Re: [PERFORM] Slow inner join, but left join is fast

2007-01-10 Thread Tom Lane

"Jeremy Haile" <[EMAIL PROTECTED]> writes:
> Another random idea - does PostgreSQL do any caching of query plans?

Only if the client specifies it, either by PREPARE or the equivalent
protocol-level message.  I dunno what client software you were using,
but I think few if any would PREPARE behind your back.  Might be worth
checking into though, if you've eliminated autovacuum.

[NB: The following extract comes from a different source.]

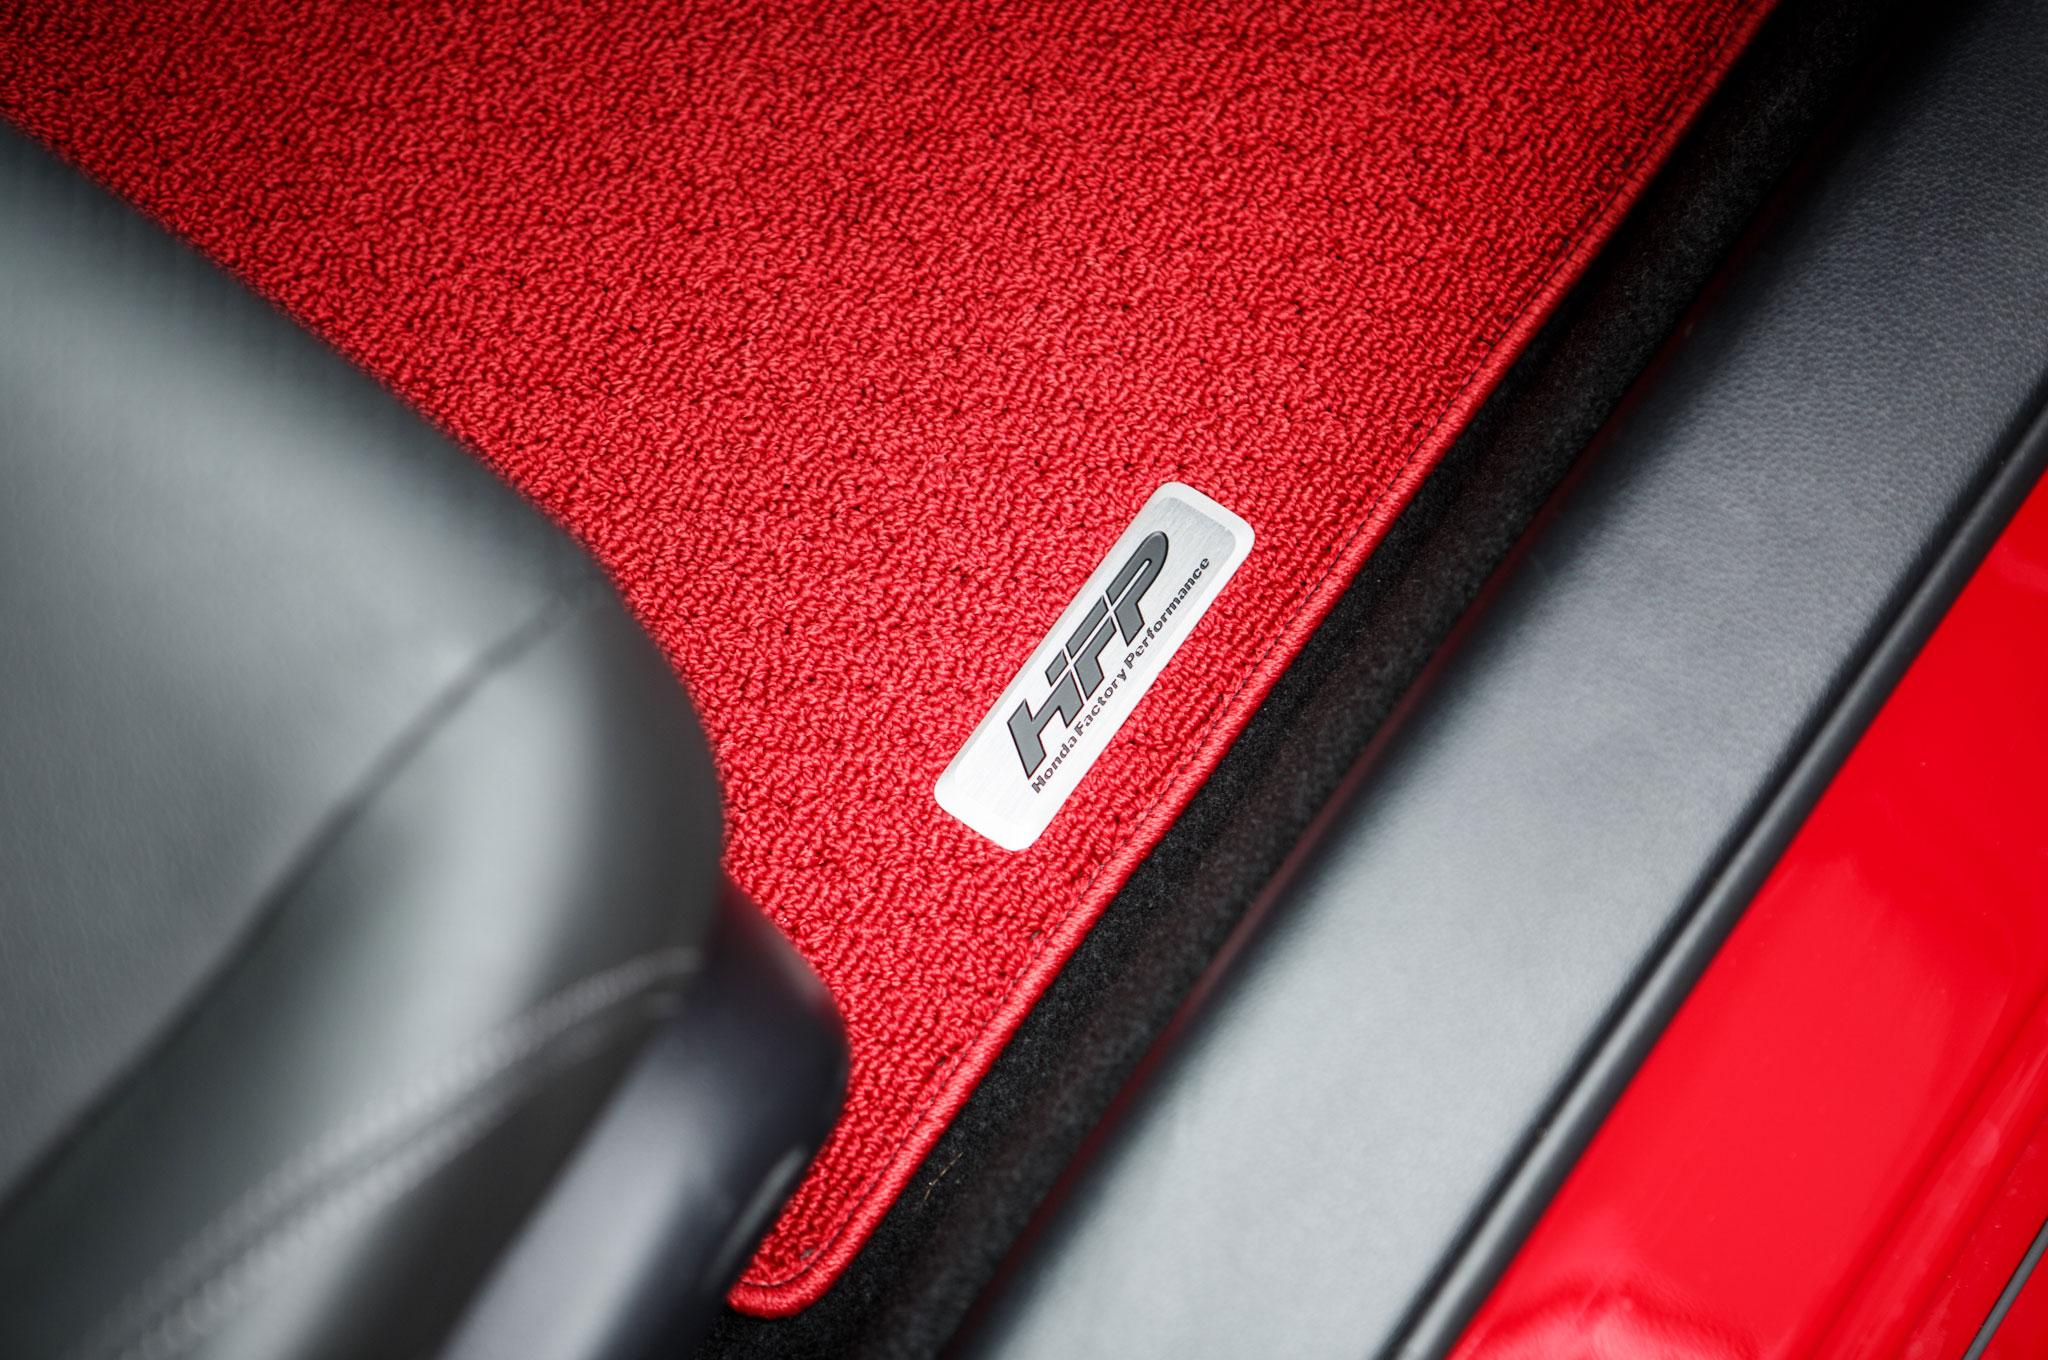 Honda Accord Exl V Coupe Hfp Floor Mat on 1995 Honda Accord Abs Wiring Diagram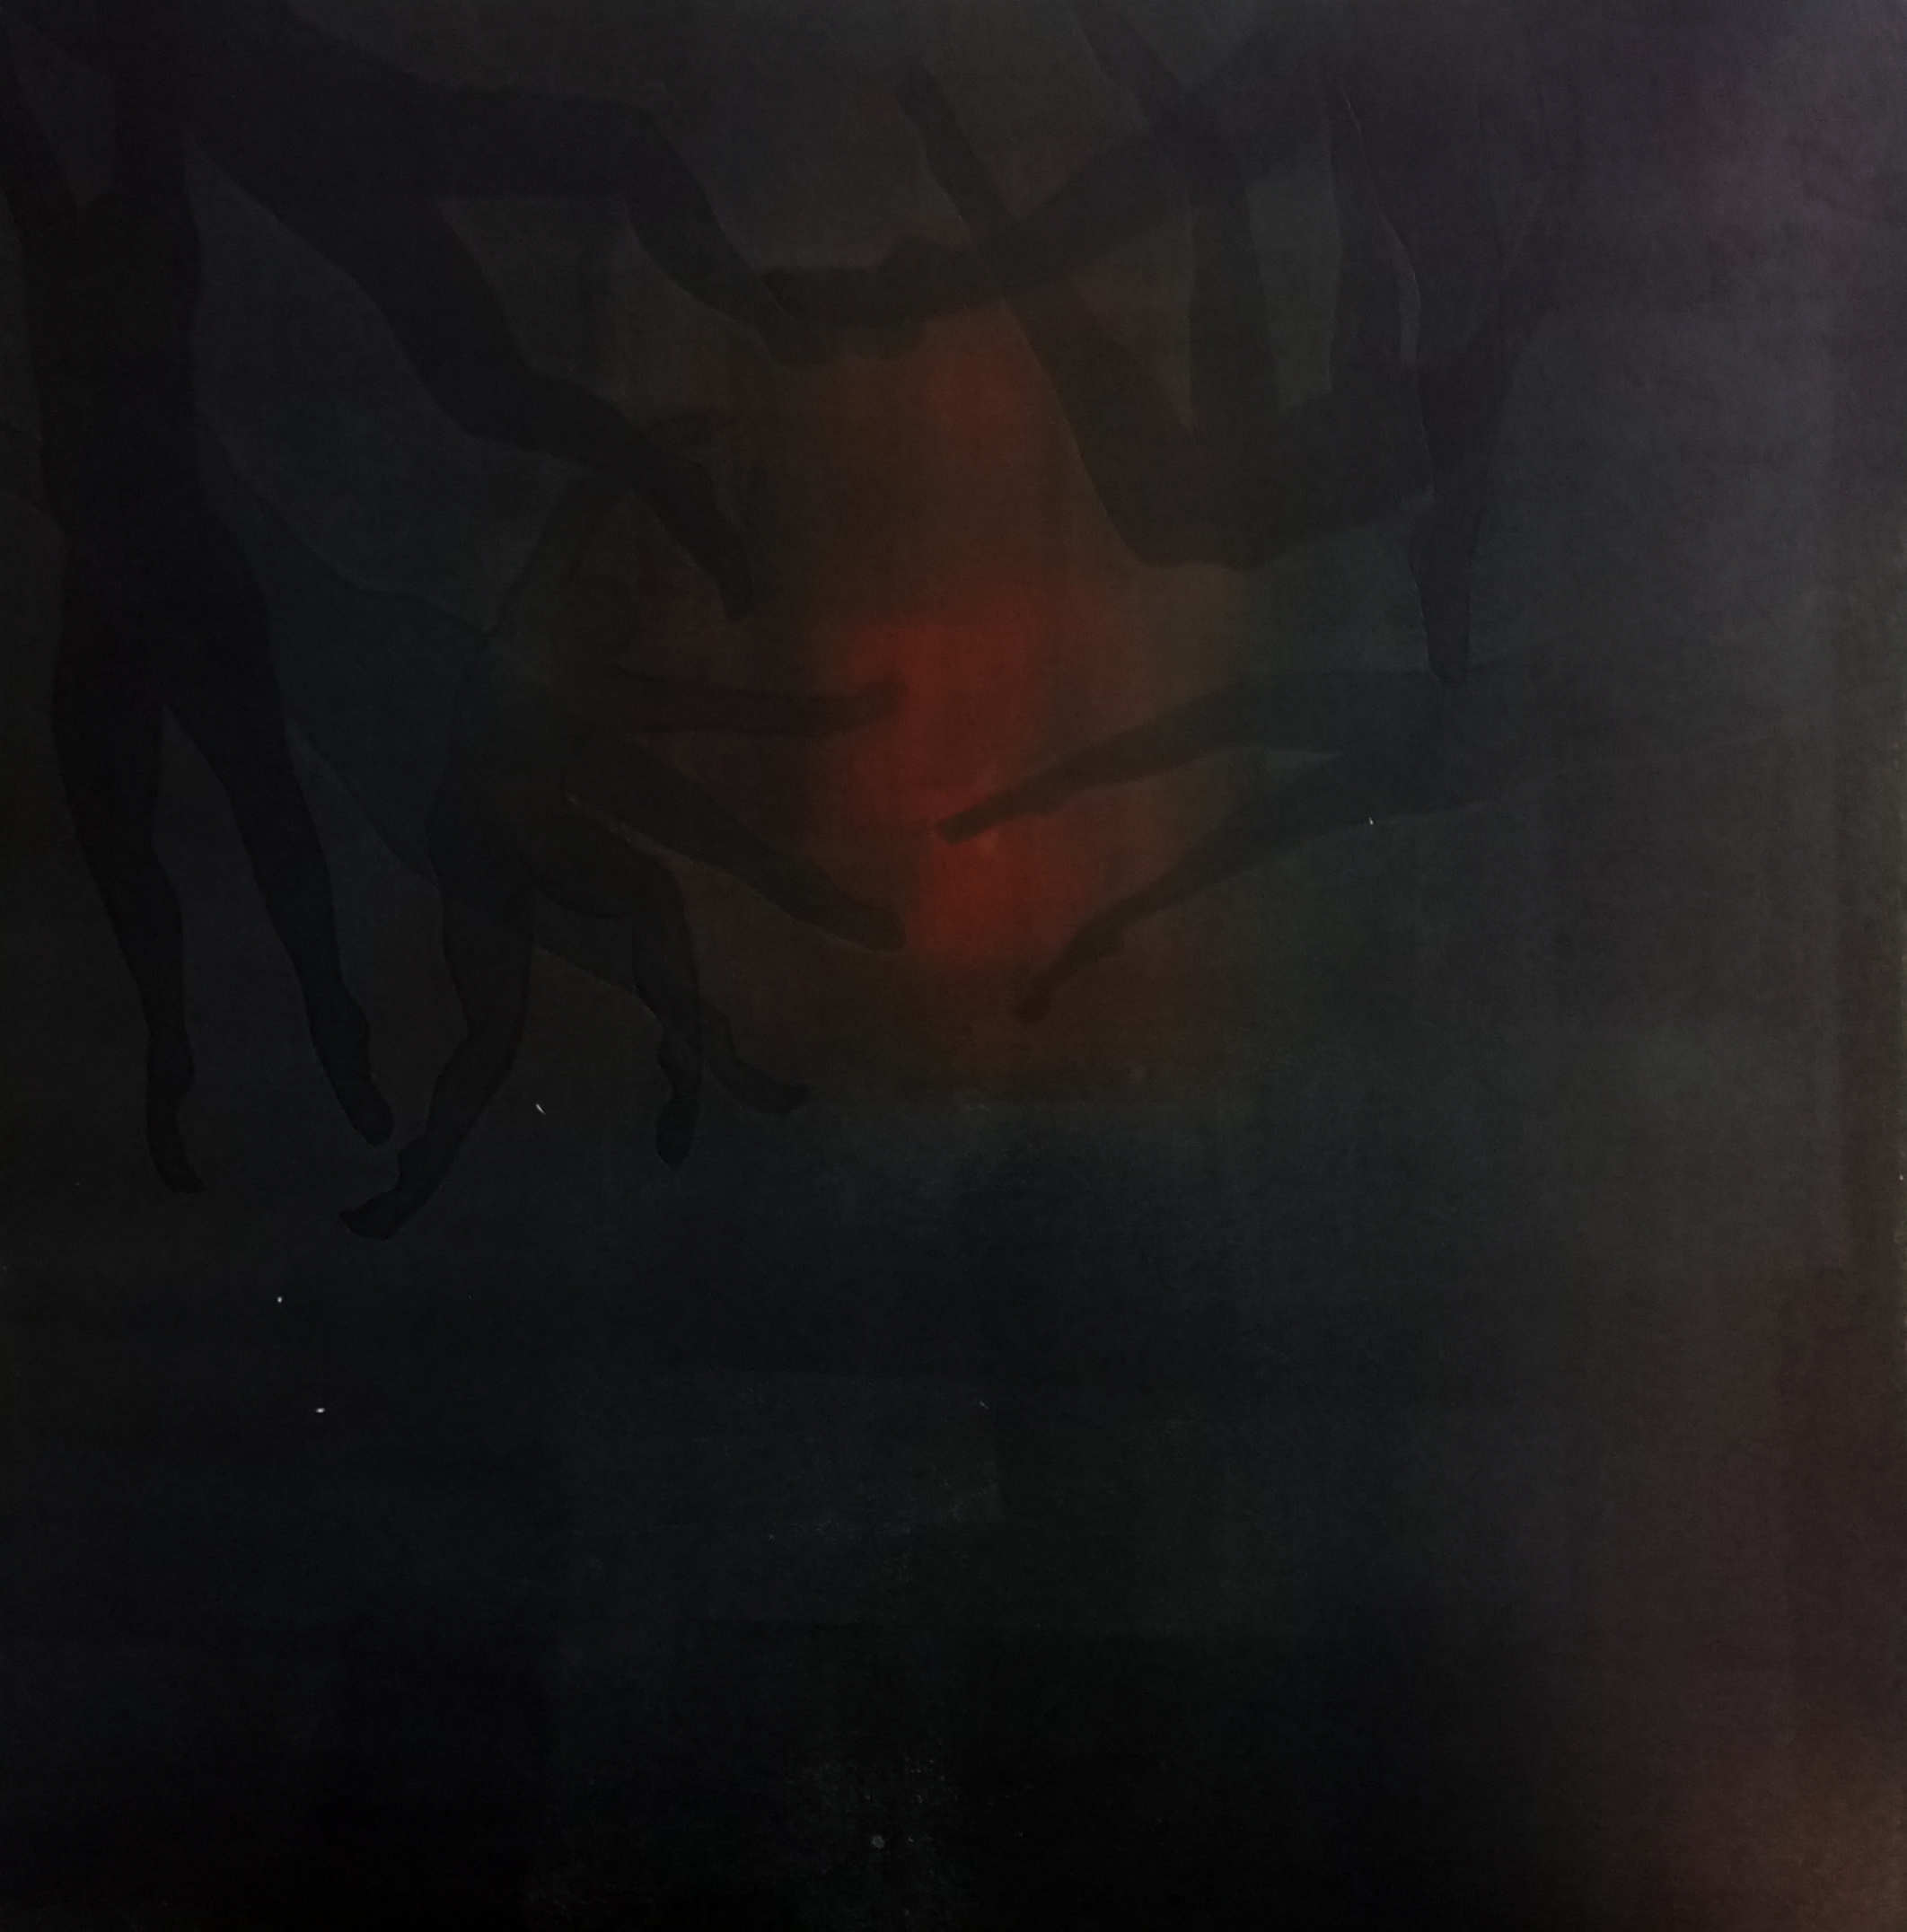 Monoprint and Monotype on Hanhemuhle, 30 x 30cm

Actually there's another possibility --- did you create any indexes on
the table in between?  CREATE INDEX doesn't do a full stats update, but
it does count the rows and update pg_class.reltuples.  But it's hard to
believe that'd have caused as big a rowcount shift as we see here ...

regards, tom lane

---(end of broadcast)---
TIP 4: Have you searched our list archives?

   http://archives.postgresql.org

Re: [PERFORM] Slow inner join, but left join is fast

2007-01-10 Thread Jeremy Haile

Another random idea - does PostgreSQL do any caching of query plans?
even on the session level?  

I ran these queries from the same Query window, so my idea is that maybe
the inner join plan was cached prior to an automatic analyze being run.  

But I'm doubting PostgreSQL would do something like that.  And of
course, if PostgreSQL doesn't cache query plans - this idea is bogus =)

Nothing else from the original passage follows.